Source material:
····················

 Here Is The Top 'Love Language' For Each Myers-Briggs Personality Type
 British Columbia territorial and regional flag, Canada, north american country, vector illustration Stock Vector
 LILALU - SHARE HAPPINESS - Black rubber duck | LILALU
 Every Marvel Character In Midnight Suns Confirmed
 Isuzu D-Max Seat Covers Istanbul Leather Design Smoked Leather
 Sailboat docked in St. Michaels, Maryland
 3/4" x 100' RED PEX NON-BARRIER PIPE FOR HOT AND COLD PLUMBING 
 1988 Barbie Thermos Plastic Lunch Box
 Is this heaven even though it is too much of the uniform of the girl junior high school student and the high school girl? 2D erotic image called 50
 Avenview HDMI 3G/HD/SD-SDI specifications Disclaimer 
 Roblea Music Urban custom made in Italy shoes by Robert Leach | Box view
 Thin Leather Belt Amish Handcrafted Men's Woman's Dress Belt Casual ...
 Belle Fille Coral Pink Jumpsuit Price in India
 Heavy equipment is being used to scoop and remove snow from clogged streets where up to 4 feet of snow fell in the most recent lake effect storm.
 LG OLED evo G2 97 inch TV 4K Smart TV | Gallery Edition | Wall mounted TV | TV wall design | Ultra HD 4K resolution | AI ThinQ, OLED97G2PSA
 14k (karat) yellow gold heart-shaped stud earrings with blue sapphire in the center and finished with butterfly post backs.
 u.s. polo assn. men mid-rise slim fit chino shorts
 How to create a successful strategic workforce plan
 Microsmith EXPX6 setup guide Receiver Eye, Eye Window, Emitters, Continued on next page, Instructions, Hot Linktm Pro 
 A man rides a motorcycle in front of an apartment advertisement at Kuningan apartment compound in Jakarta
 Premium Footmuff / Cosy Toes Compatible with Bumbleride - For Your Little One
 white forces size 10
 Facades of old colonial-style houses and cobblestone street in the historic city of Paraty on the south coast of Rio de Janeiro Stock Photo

····················

What is needed: Every line of the listing that holds the word "with" is to be found and copied.

Completed exercise:
 14k (karat) yellow gold heart-shaped stud earrings with blue sapphire in the center and finished with butterfly post backs.
 Premium Footmuff / Cosy Toes Compatible with Bumbleride - For Your Little One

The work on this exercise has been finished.